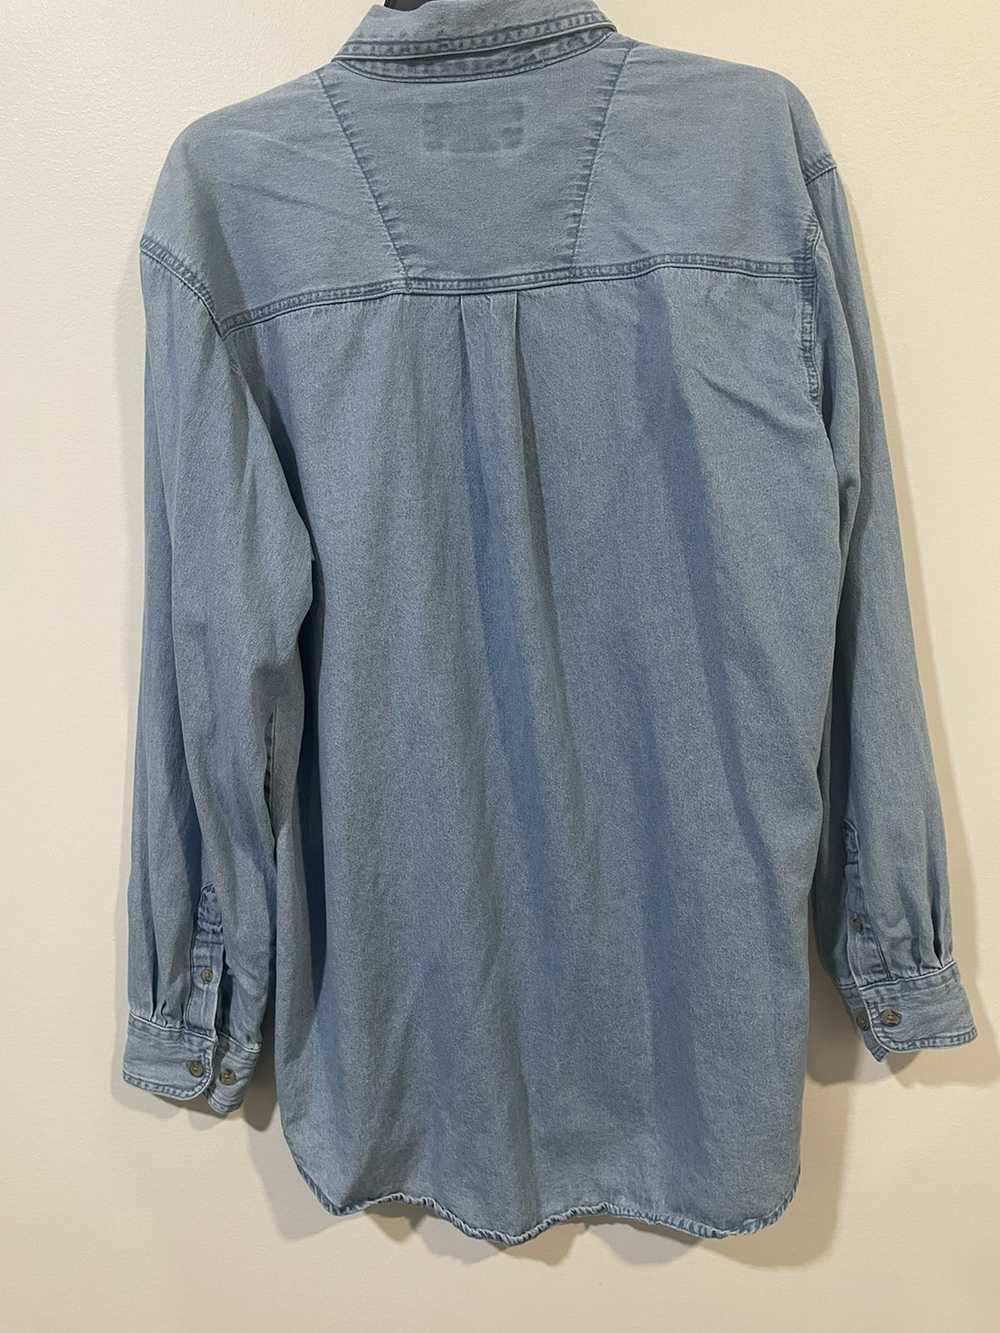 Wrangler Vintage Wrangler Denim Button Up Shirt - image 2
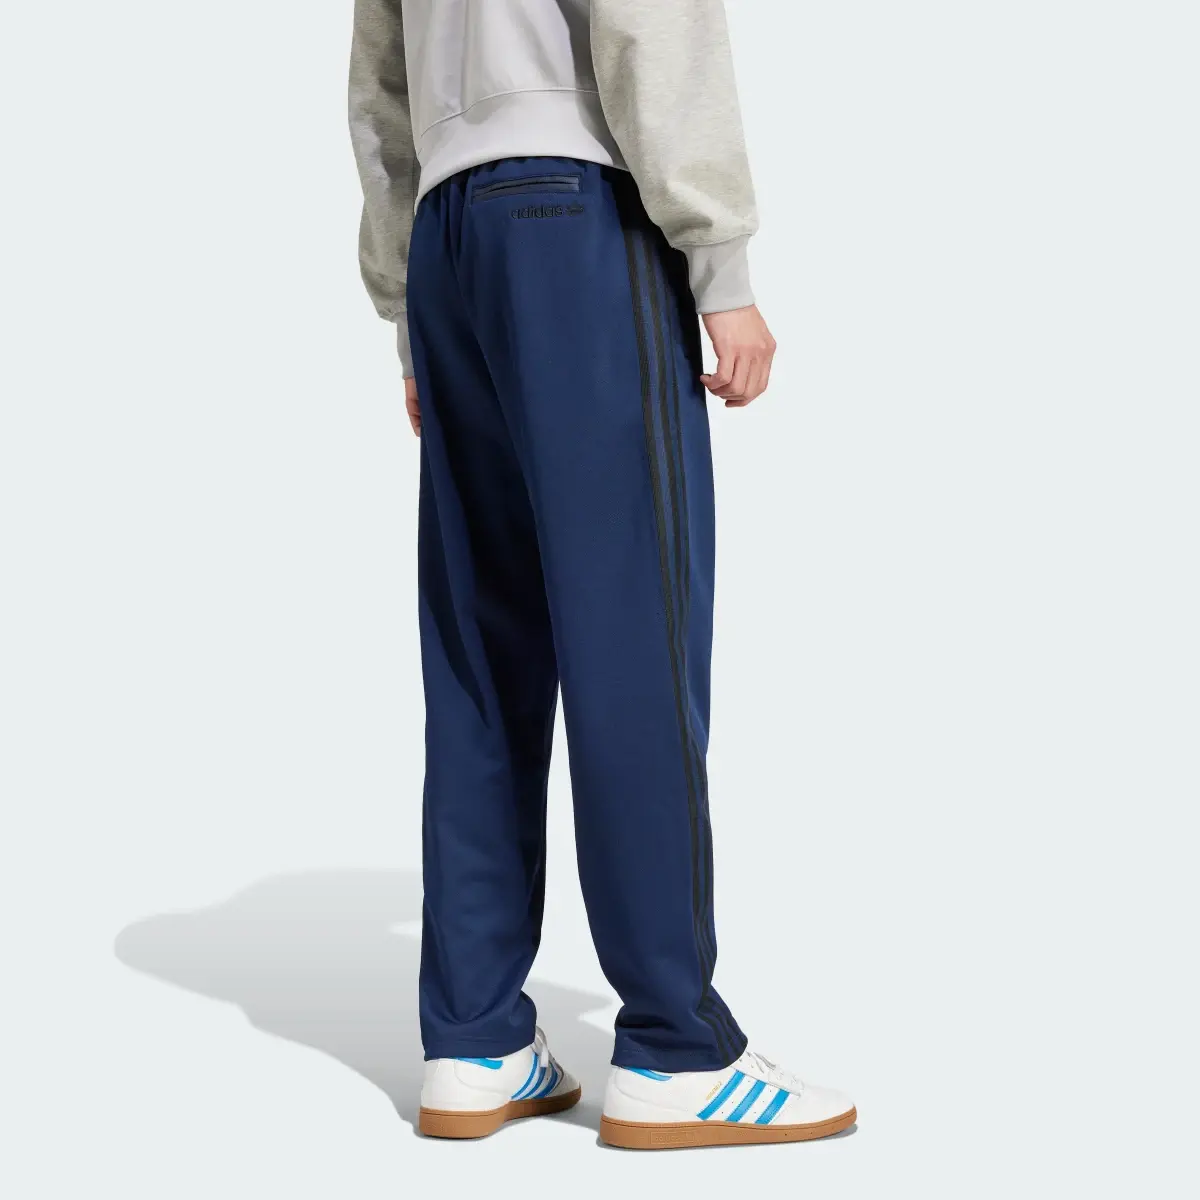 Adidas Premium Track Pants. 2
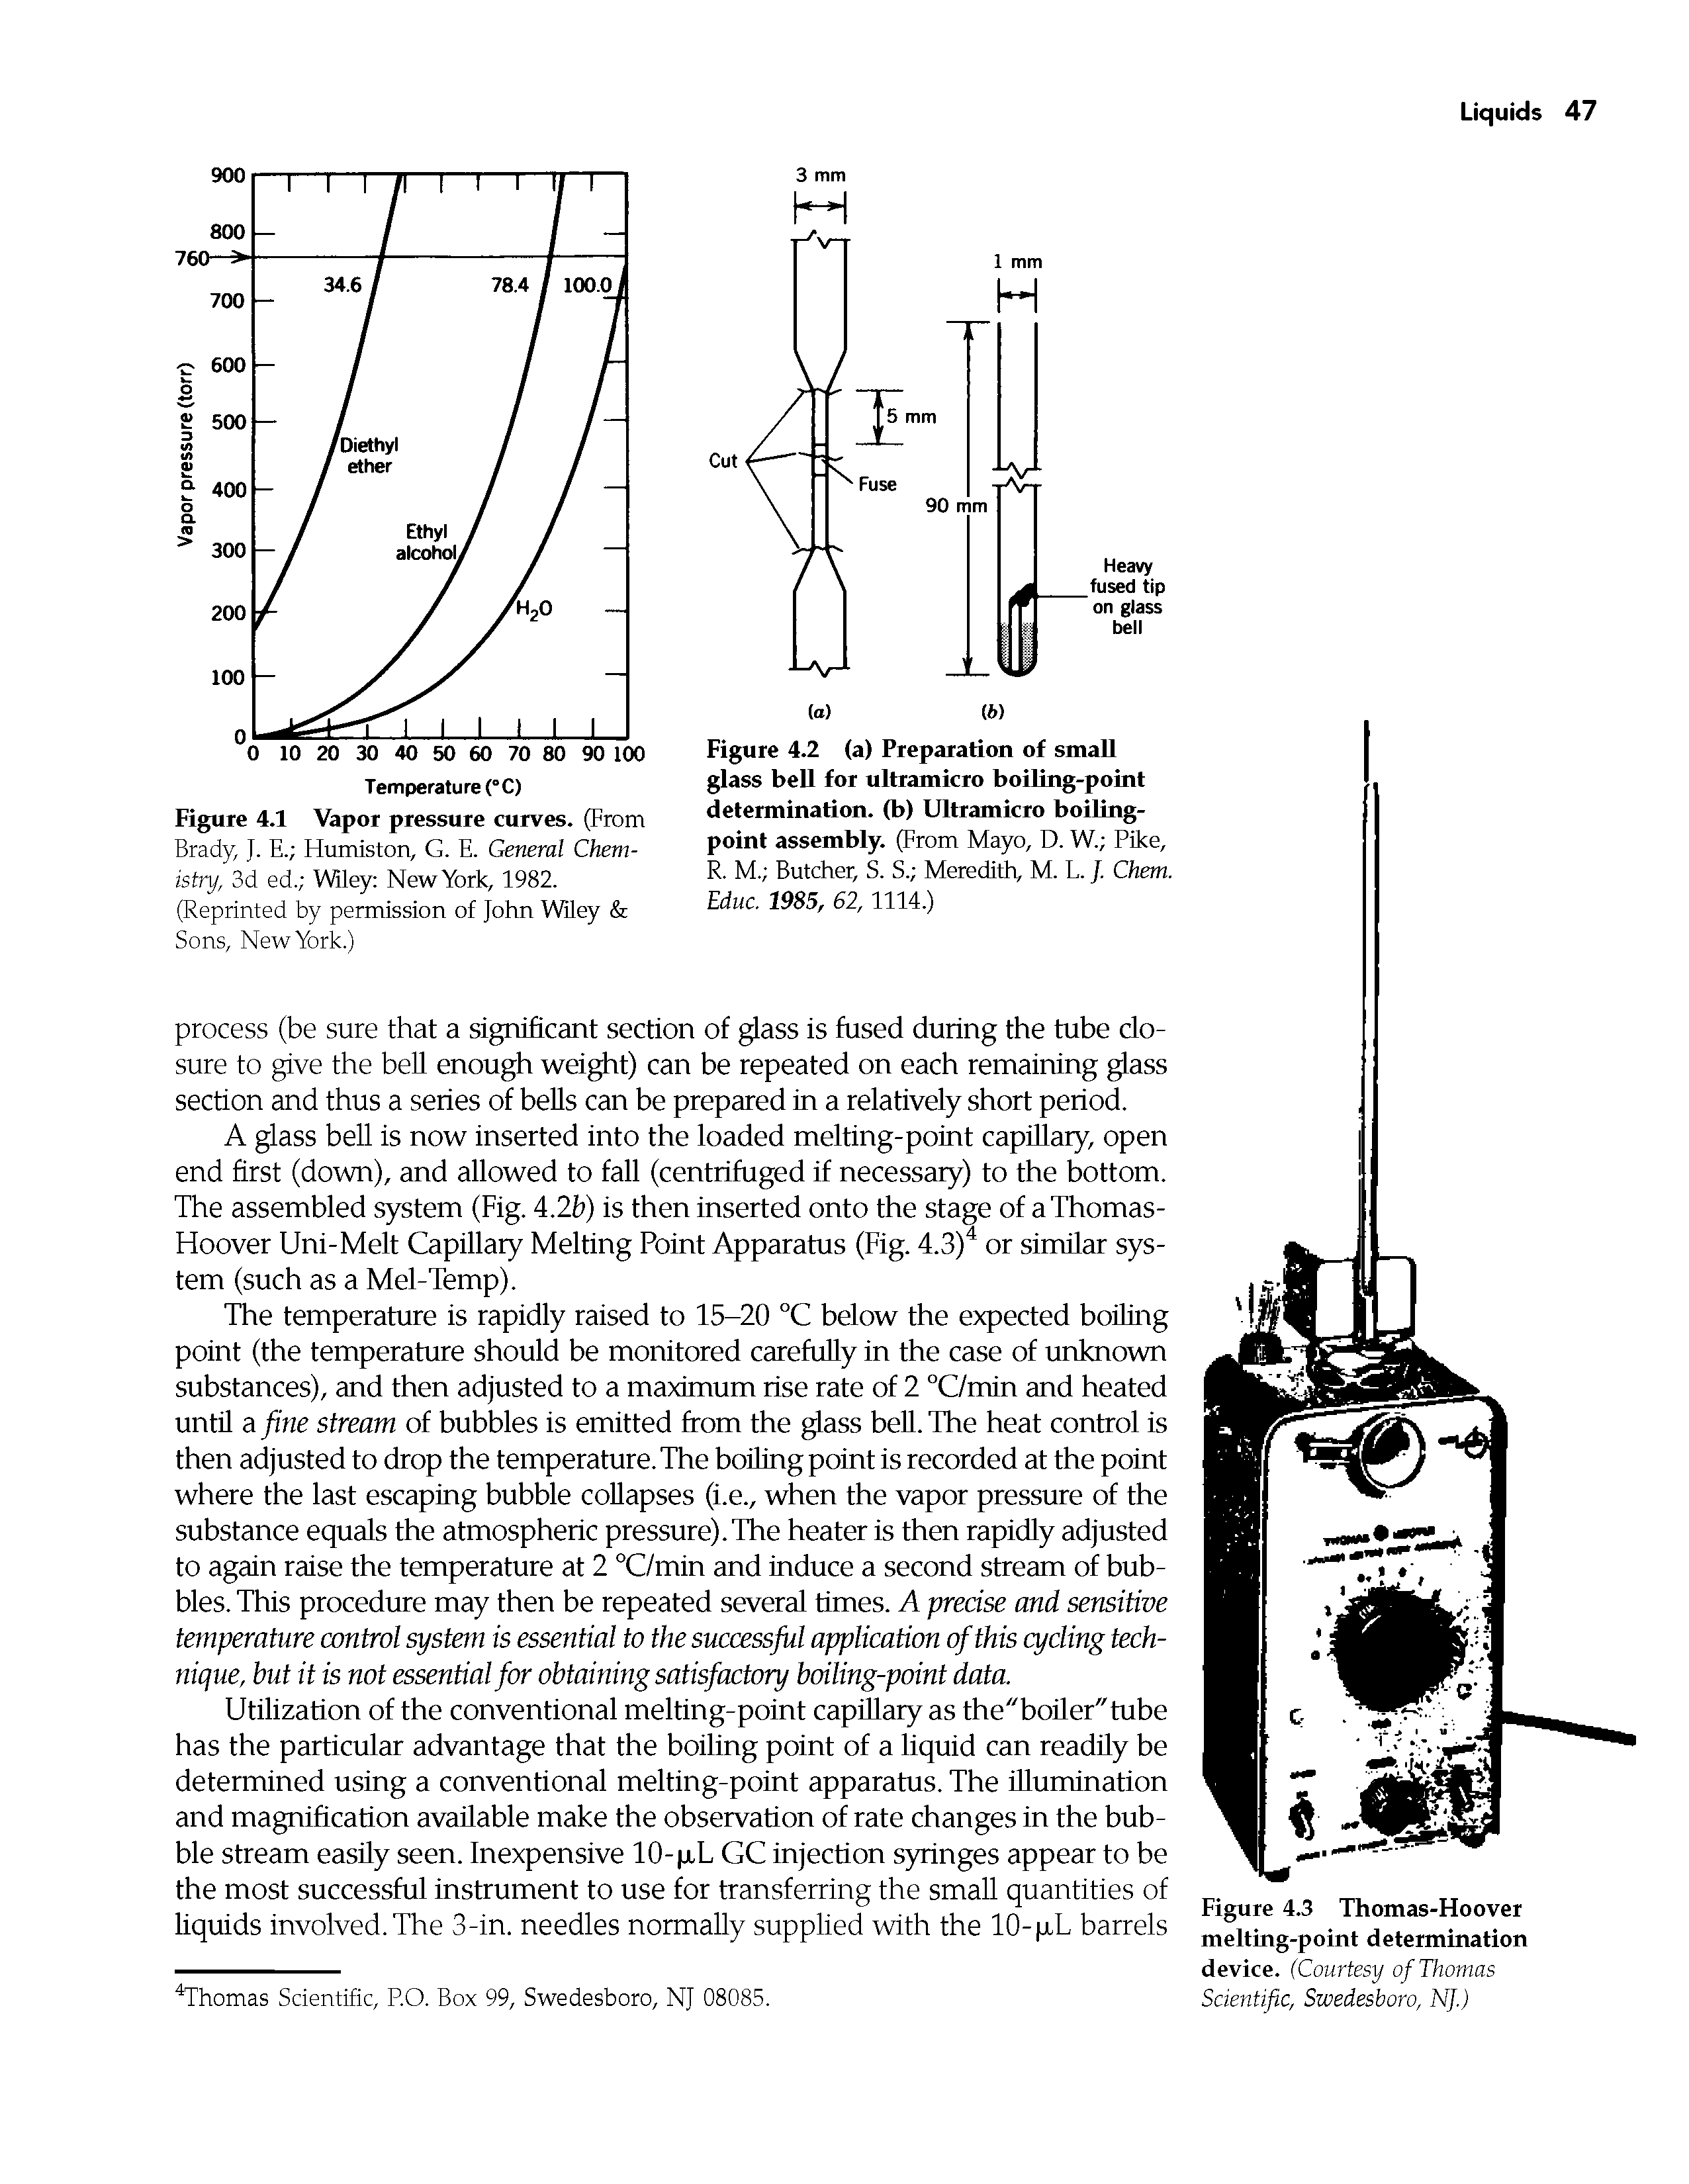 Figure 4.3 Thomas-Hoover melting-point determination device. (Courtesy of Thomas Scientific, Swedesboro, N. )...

━━━

*Description of the task*
Copy the material exactly as written and leave every picture behind.

*Output below*
 Wrangler Vintage Wrangler Denim Button Up Shirt - image 2
 Adidas Premium Track Pants. 2
 Figure 4.3 Thomas-Hoover melting-point determination device. (Courtesy of Thomas Scientific, Swedesboro, N. )...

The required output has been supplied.